First, in the 3D-content quality determination operation 201, the quality of 3D contents to be converted is determined. In the present exemplary embodiment, the 2D-3D converting process may be performed in accordance with the quality of 3D contents. That is, at least one of the object extraction operation 202, the depth assignment operation 203, and the rendering operation 204 may be performed on the basis of the determined quality of 3D contents. The 3D-content quality determination operation 201 will be described below in more detail.

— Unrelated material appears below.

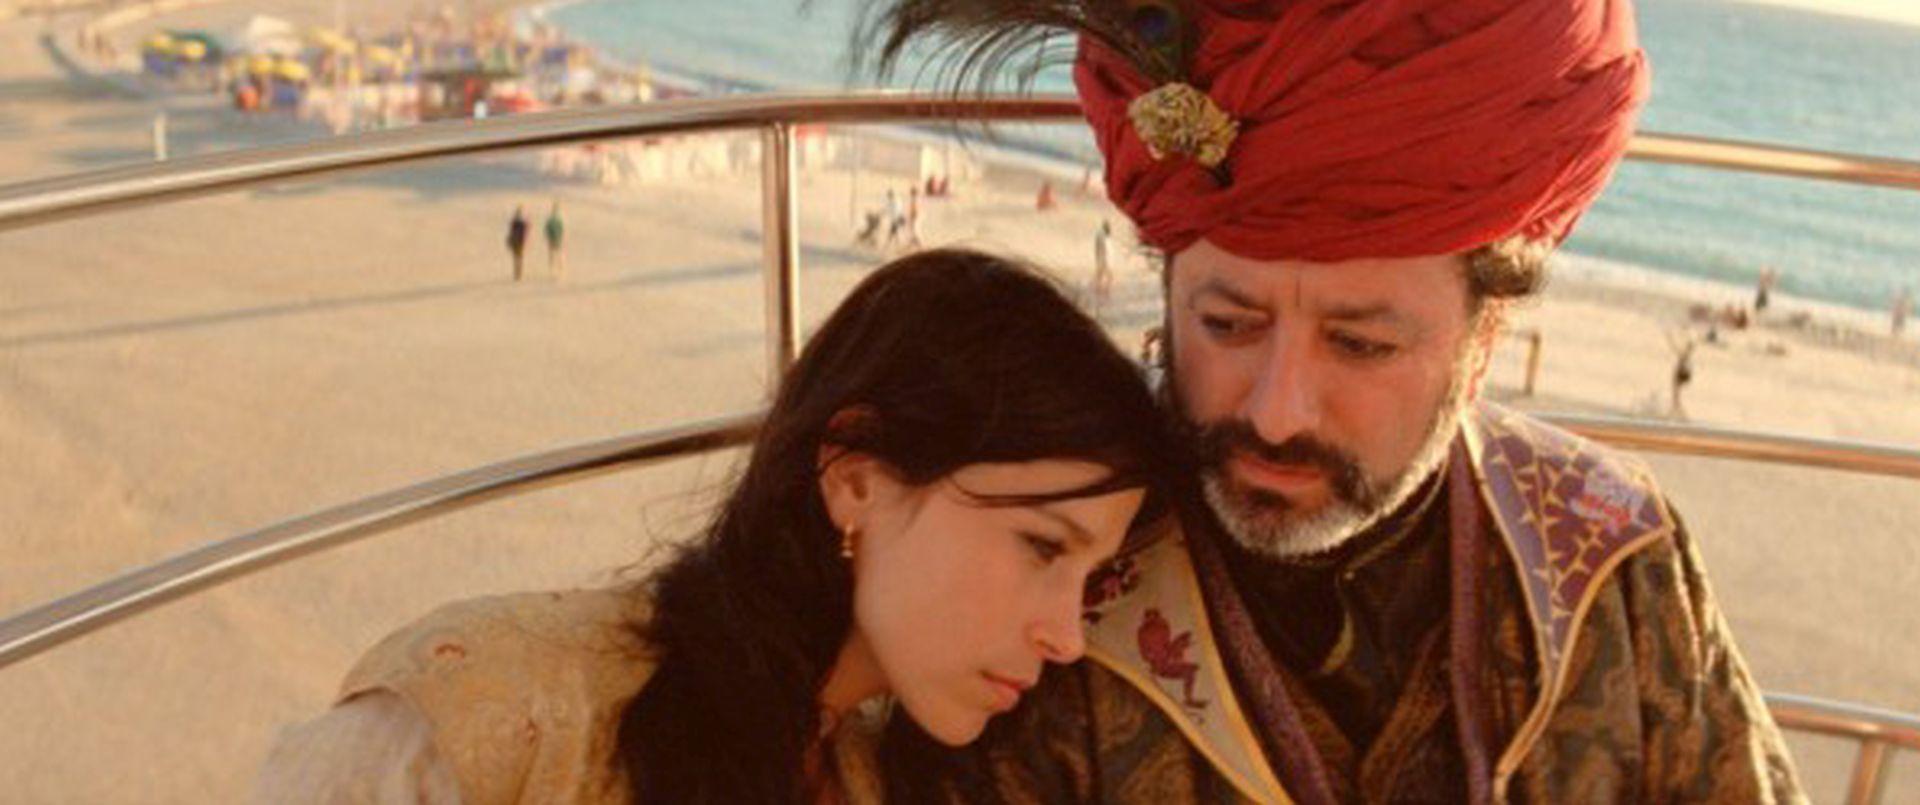 HUMAN RIGHTS FILM FESTIVAL: Tri od dvadeset najboljih filmova Sight&Sounda besplatno

In the object extraction operation 202, an object to which a 3D effect will be reflected is extracted with regard to an image of the frame to be processed. The object may be a main image contained in the scene of each frame and, for example, may be an image of a main character in a scene where the main character appears, an image of a vehicle in a scene where a vehicle moves, etc. In the object extraction operation 202, an image of a corresponding frame is segmented so that a boundary of an object can be extracted from segmentation results.

In the depth assignment operation 203, depth is assigned to the object extracted by the object extraction operation 202. The depth is a parameter for realizing a 3D visual effect, which is used for shifting the object leftward and rightward by an assigned parameter in generated corresponding left-eye and right-eye frames. In the depth assignment operation 203, a previously given standardized template may be used for depth assignment.

In the rendering operation 204, image processing for a completed 3D image is performed with regard to the left-eye and right-eye frames resulting from the depth assignment operation 203. For example, the rendering operation 204 may include a process for filling a blank area generated as an object is shifted in an image of a frame (i.e., inpainting), etc.

Below, the 3D-content quality determination operation 201 will be described in detail. At least one operation among the 2D-3D converting process operation according to an exemplary embodiment may include a manual operation implemented in accordance with a user's input, and an automatic operation implemented in accordance with preset reference information. For example, in the object extraction operation 202, the depth assignment operation 203, or the like operations, some frames may be processed by manual operations while other frames may be processed by automatic operations.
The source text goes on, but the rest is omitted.